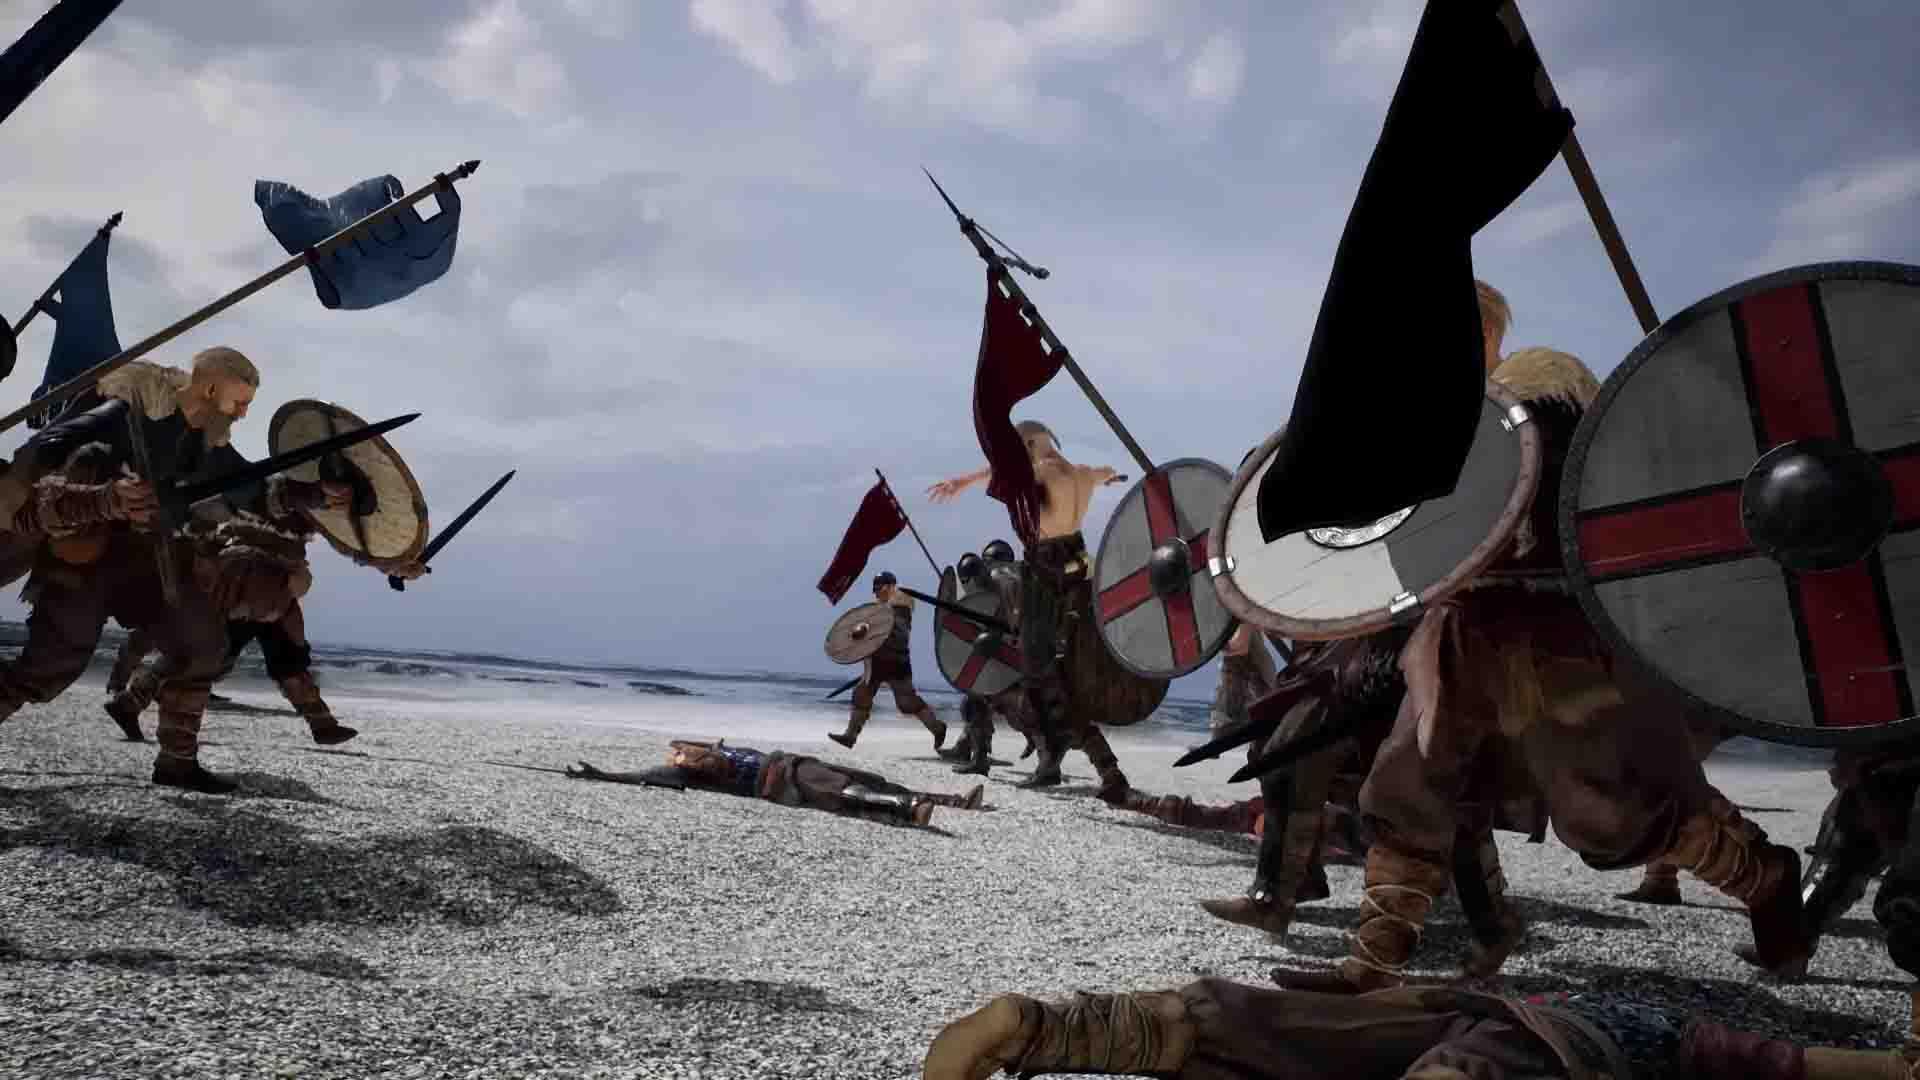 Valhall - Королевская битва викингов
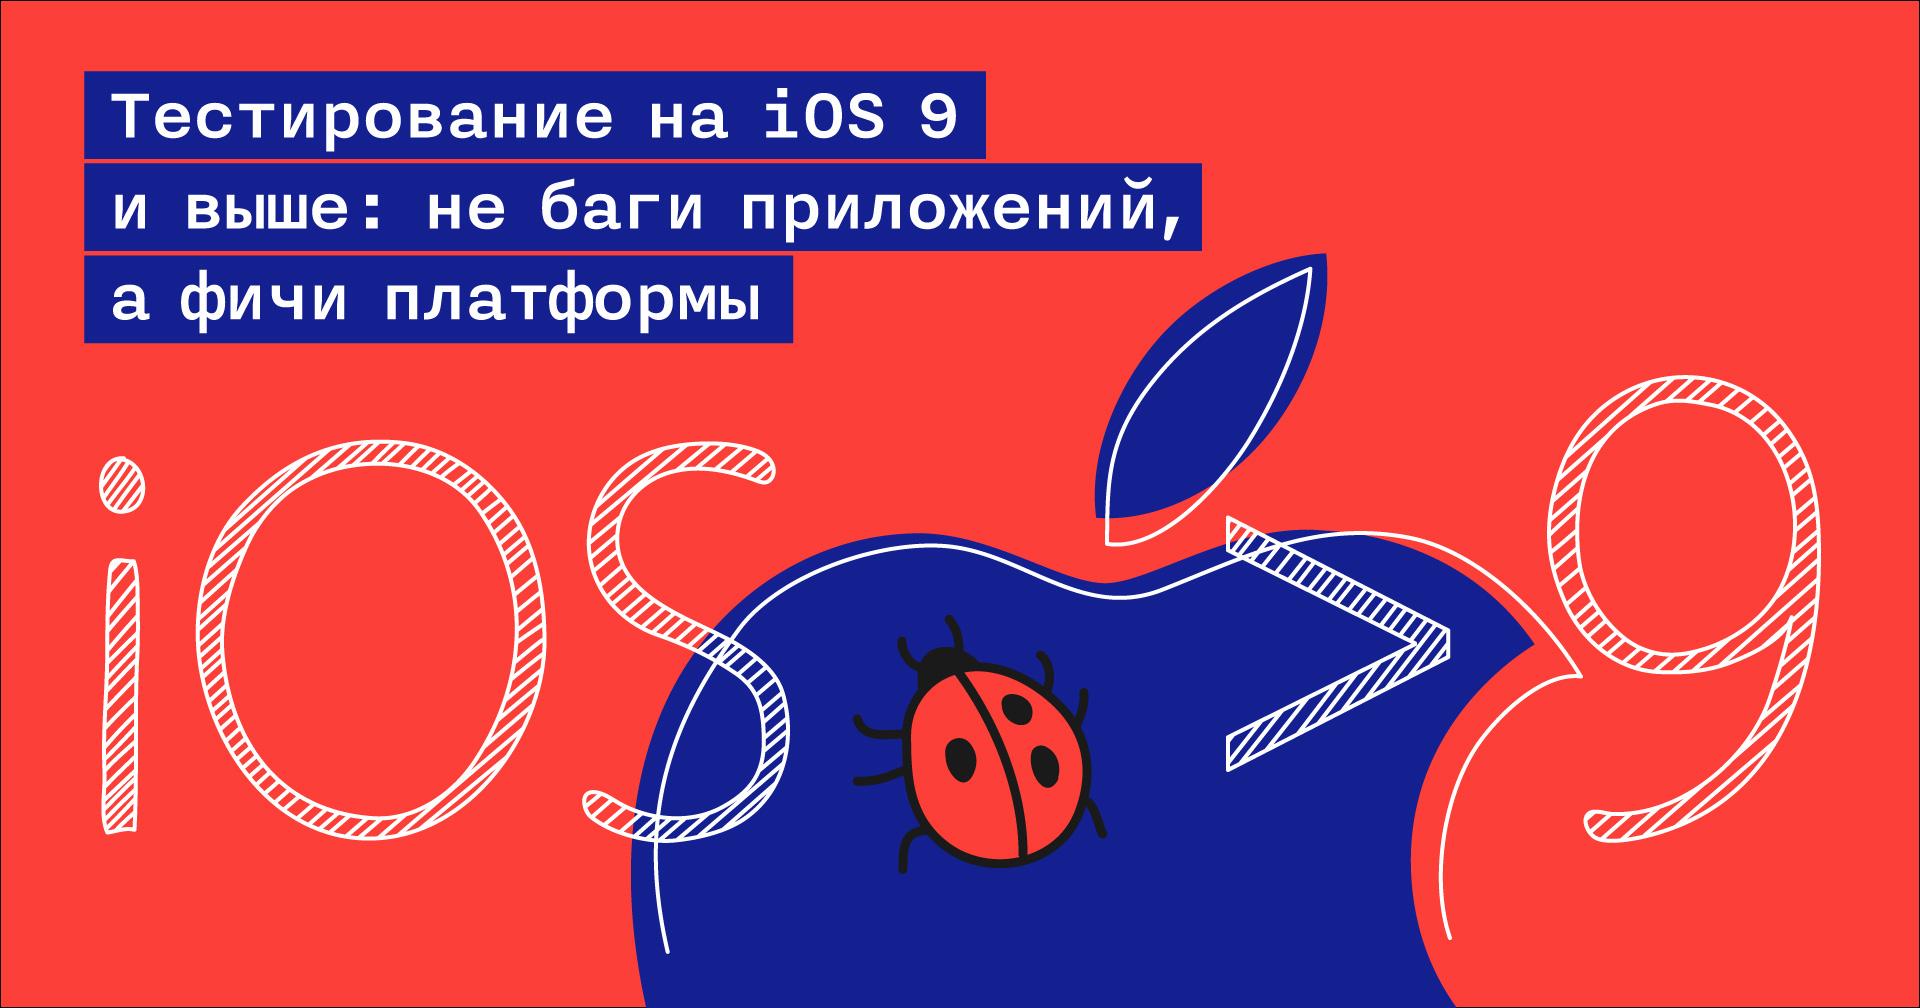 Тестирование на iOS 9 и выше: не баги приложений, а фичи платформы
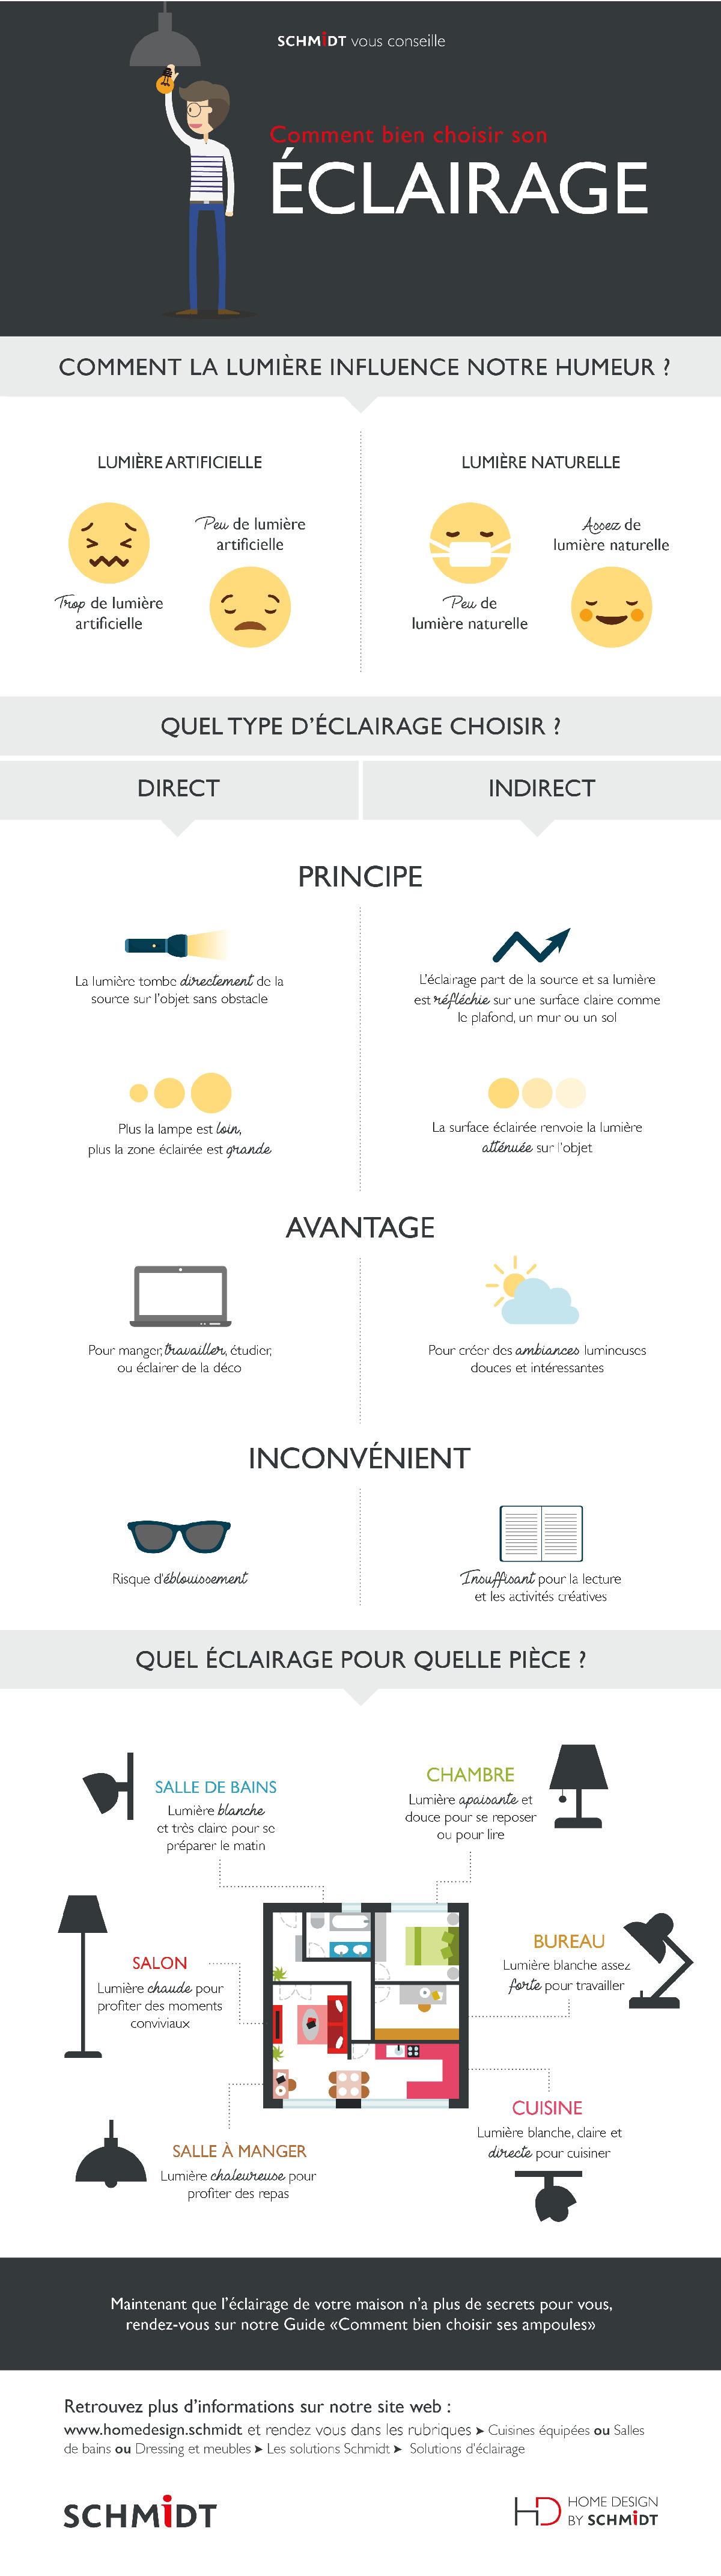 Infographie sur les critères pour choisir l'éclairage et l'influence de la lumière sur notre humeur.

To do: Write out every line above again exactly, with the pictures left out.

Result for this exercise:
 Valhall - Королевская битва викингов
 Тестирование на iOS 9 и выше: не баги приложений, а фичи платформы
 Infographie sur les critères pour choisir l'éclairage et l'influence de la lumière sur notre humeur.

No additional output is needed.